L’Université Gaston Berger (UGB) de Saint-Louis accueille depuis ce 9 juin les 72 heures de l’efficacité énergétique, une initiative portée par le Département de Physique appliquée de l’UFR Sciences Appliquées et Technologies (SAT). Pendant trois jours, enseignants-chercheurs, étudiants, experts et partenaires institutionnels échangent autour des solutions permettant de réduire la consommation énergétique des campus universitaires et de promouvoir un modèle durable, reproductible dans l’ensemble des établissements publics du Sénégal.
L’efficacité énergétique s’impose désormais comme une priorité stratégique pour les universités sénégalaises.

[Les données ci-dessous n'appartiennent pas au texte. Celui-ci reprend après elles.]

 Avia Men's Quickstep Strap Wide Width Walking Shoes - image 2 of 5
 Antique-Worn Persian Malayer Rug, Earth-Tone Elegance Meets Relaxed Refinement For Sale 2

C’est dans cette perspective que l’Université Gaston Berger de Saint-Louis a lancé les 72 heures de l’efficacité énergétique, un cadre de réflexion et de sensibilisation réunissant plusieurs établissements d’enseignement supérieur, ainsi que des structures spécialisées telles que l’Agence pour l’économie et la maîtrise de l’énergie (AEME) et l’Agence nationale pour les énergies renouvelables (ANER).
Pour le Pr Amsata Ndiaye, enseignant-chercheur au Département de Physique appliquée de l’UGB, l’ambition est claire : faire du campus de Saint-Louis une référence nationale en matière de gestion rationnelle de l’énergie.
« Notre objectif est de faire de l’UGB un modèle à dupliquer dans les autres campus universitaires et, à terme, dans les structures administratives et de formation du pays », explique-t-il.
Face à des factures d’électricité de plus en plus lourdes pour les universités, la recherche de solutions alternatives devient une nécessité. Selon le chercheur, l’établissement mise sur la recherche, la formation et l’innovation pour réduire sa dépendance énergétique.
« Nous faisons des efforts pour nous autonomiser progressivement afin de nous affranchir d’une partie de la facture d’électricité et aller vers une utilisation plus efficiente de l’énergie », souligne-t-il.
L’UGB dispose déjà d’atouts importants. Grâce à l’expertise locale et à l’accompagnement de partenaires techniques, les étudiants participent directement à la conception et à l’installation d’infrastructures énergétiques. Parmi les réalisations figurent des mini-centrales destinées à alimenter les laboratoires de travaux pratiques ainsi qu’une centrale solaire de 100 kWh avec une capacité de stockage équivalente, conçue dans le cadre de la formation.
L’université a également engagé un vaste programme d’audits énergétiques. Plusieurs bâtiments stratégiques, dont l’UFR Lettres et Sciences humaines, le rectorat et d’autres infrastructures académiques, ont déjà été évalués afin d’identifier les sources de gaspillage et de proposer des mesures correctives.
Au-delà des investissements technologiques, les organisateurs insistent sur la nécessité d’un changement de comportement. Selon le Pr Ndiaye, les habitudes de consommation constituent un défi majeur. « Le gaspillage ne concerne pas uniquement les étudiants. Dans les bureaux administratifs aussi, il existe des pertes importantes, souvent liées à une méconnaissance des bonnes pratiques », affirme-t-il.
Dans cette dynamique, l’UGB envisage d’expérimenter des blackouts volontaires de quinze minutes, une initiative inspirée des recommandations de l’AEME afin d’évaluer leur impact sur les comportements et sur la consommation globale du campus.
Présente à la cérémonie d’ouverture, la directrice générale de l’Agence pour l’économie et la maîtrise de l’énergie, Mame Coumba Ndiaye, a salué l’engagement de l’université.